I'd always had some fasciculations so really didn't pay much attention, but sure enough when I got home and looked in the mirror there they were. Since then they have become widespread and can be felt by others. For example I left the hospital and was walking to the parking garage when the low back/pelvis felt like it wanted to give out. Suddenly I felt vibrating in the area. I put my hand on my low back and I could actually feel it vibrating. I asked my husband if he could feel it and he looked shocked and said yes. He could see it as well.

I have had other times when similar vibrations were felt over my rib cage and upper back and my husband could feel those too. I used to hike in the woods for several miles every day and now I struggle to walk around the block and after I have more fasciculations and, unfortunately back pain and burning.

Now I have a weak feeling in my left upper arm and left distal thigh just above the knee. Yes, I can do things but I feel uncoordinated and wobbly.

Thanks for responding. God bless you all. (And me too)
 
To say you had MND under those circumstances is incredibly irresponsible.

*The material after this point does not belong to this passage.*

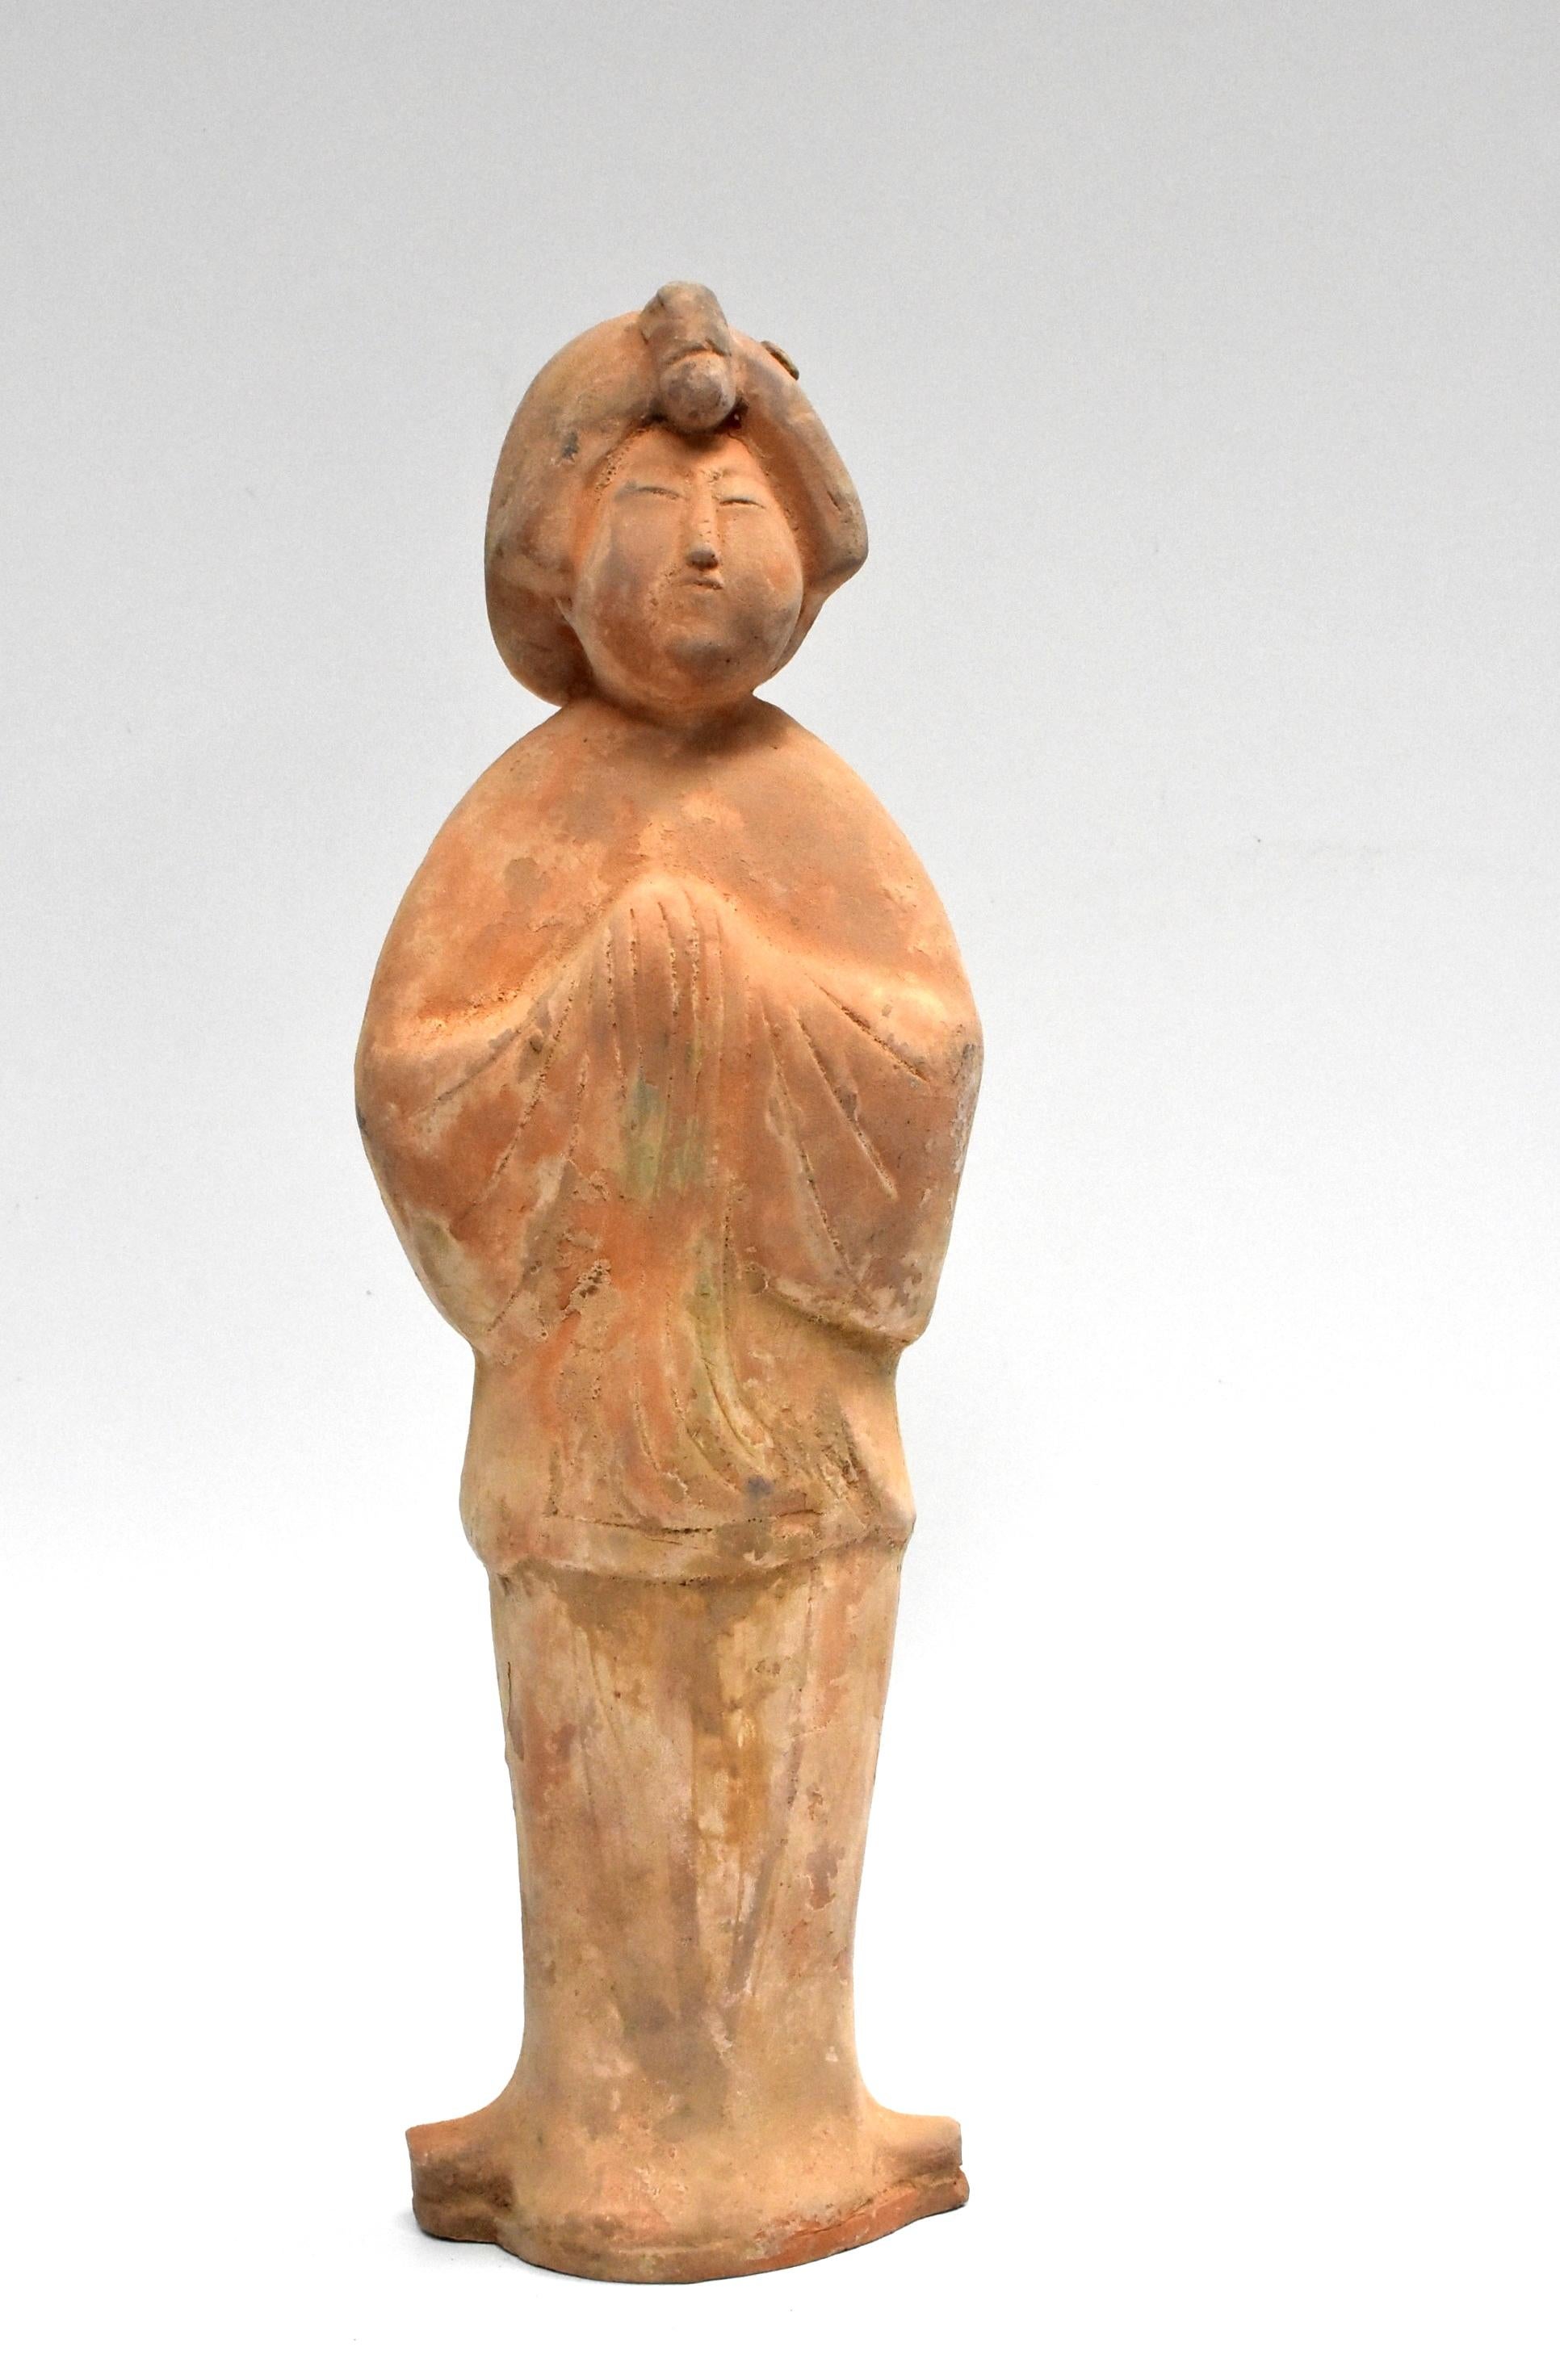 A great example of Chinese Tang dynasty pottery figure. The figure is a court lady, with a full face and traditional hair style. She stand with both hands in front. Her face tilts up slightly and has an empathetic expression.

No wonder it sent you into a spiral.

Good luck with your EMG
 
Today I had my EMG and nerve conduction study at BIDMC in Boston. They did my left upper and lower limbs several places. A neurologist did the test and the final results will be in for my appointment with my neurologist on May 31st. I was told that preliminary results are that it was a normal study. I continue to have the low back weakness and leg heaviness and stairs, in particular are difficult for me to negotiate. I still feel "jumpy" and still feel twitches, but I am apologizing for my selfish anxiety and will schedule an appointment to delve into whatever psychological issues may be aggravating my condition. I thank everyone here on this forum. You are selfless and giving. God bless you all.
 
That is wonderful news. I hope the neurologist can find the answer quickly for you. Thank you for sharing your results.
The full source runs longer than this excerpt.